Varda Space launches its fifth mission, extends run of AFRL test flights


WASHINGTON — Varda Space Industries said Nov. 28 that its fifth mission, W-5, reached orbit after a launch from Vandenberg Space Force Base aboard SpaceX’s Transporter-15 rideshare.

Transporter-15 lifted off at 1:44 p.m. Eastern carrying 140 small satellites. W-5 was among them, becoming the latest in Varda’s effort to build “space factories” that use microgravity to manufacture materials in orbit then bring them back to Earth. The El Segundo-based startup is looking to manufacture high-value products that benefit from the absence of gravity, especially pharmaceuticals that crystallize more cleanly in space.

W-5 is the newest spacecraft in the company’s “W-Series” of free-flying reentry vehicles designed to orbit Earth, conduct on-orbit processing and return space-made materials. With W-5 now in orbit, Varda is operating two W-Series vehicles in space for the first time. W-4 launched in June.

The mission carries a U.S. government payload funded through the Air Force Research Laboratory’s Prometheus program, aimed at testing hypersonic survivability and materials performance. AFRL uses commercial reentry systems like Varda’s to expose components, sensors and prototype materials to the intense thermal and mechanical loads encountered at hypersonic speeds. Varda’s capsule hits the atmosphere at about 18,000 miles per hour, exceeding Mach 25 before descending under parachute.

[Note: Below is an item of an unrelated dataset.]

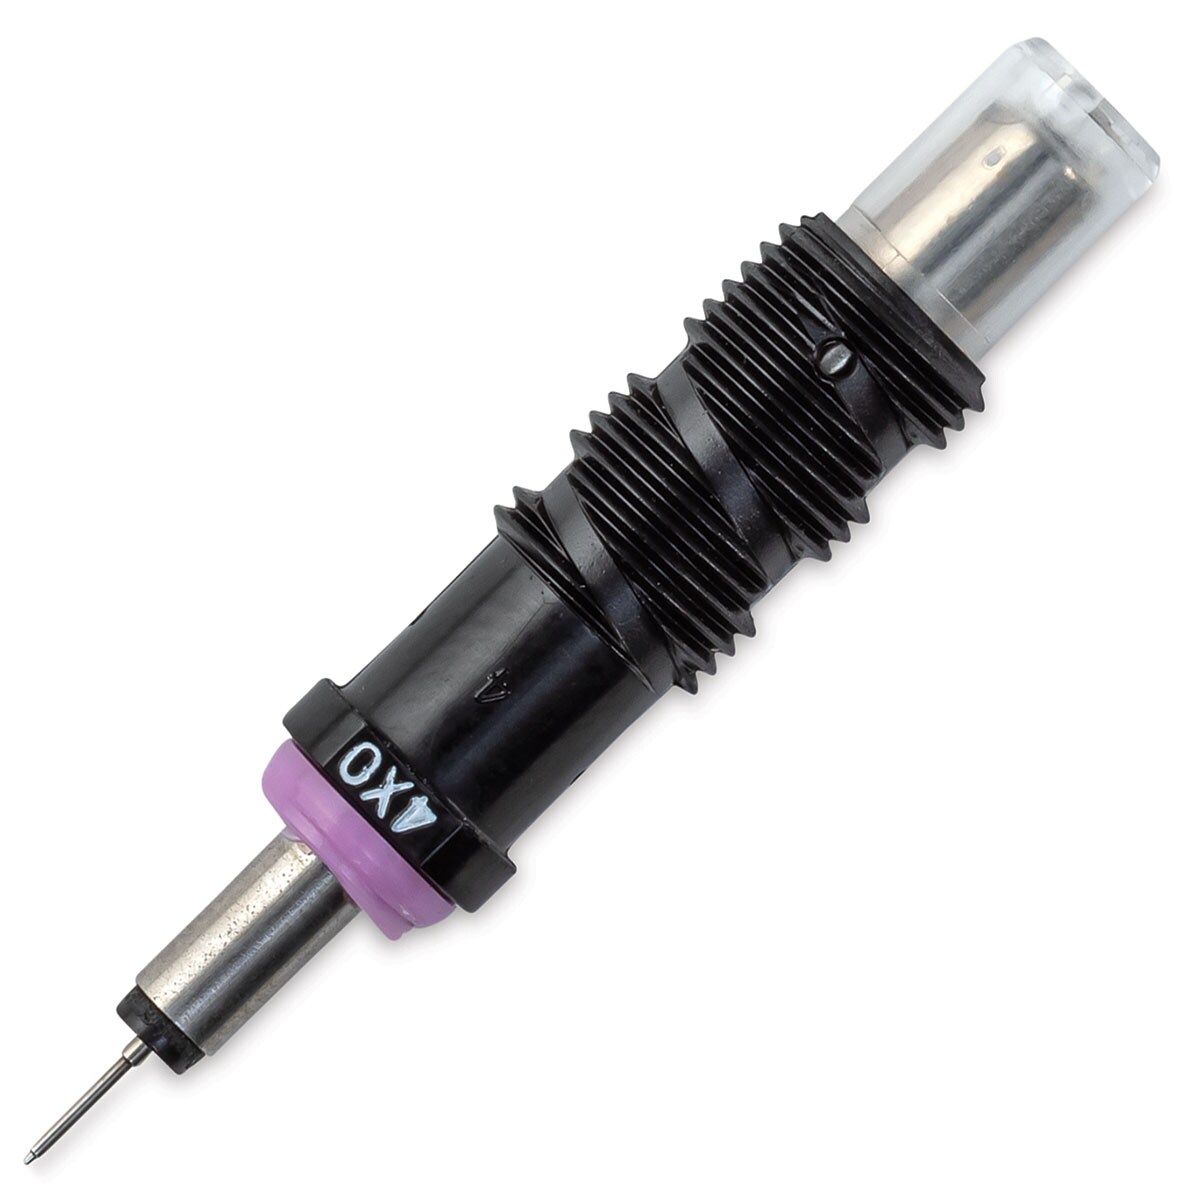 Koh-I-Noor Rapidograph Pen Replacement Point - 4x0, 0.18 mm Tip

Details of W-5’s government experiment were not disclosed. Varda previously flew AFRL-funded tests on its W-2 and W-3 missions.

Varda capsule
Varda Space Industries’ W-Series 1 spacecraft includes a capsule designed to return pharmaceutical experiments. Credit: Varda Space Industries

“With W-5, AFRL and Varda again demonstrated that hypersonic flight testing can be done routinely and affordably,” said Brandi Sippel, vice president of mission management at Varda Space Industries.

The W-5 vehicle includes three components: the hypersonic reentry capsule; a satellite bus that provides power, navigation and propulsion, and an ablative C-PICA heatshield that protects the spacecraft during peak heating. The vehicles are produced at Varda’s El Segundo facility.

AFRL awarded Varda a multi-year Indefinite Delivery, Indefinite Quantity contract that secures access to reentry flights through at least 2028. Under the IDIQ, AFRL can task Varda with flying experimental payloads, collecting reentry data and returning hardware for analysis, effectively treating the commercial capsules as a repeatable hypersonic test range.Commercial reentry vehicles like Varda’s offer a way to increase test cadence without major infrastructure investments.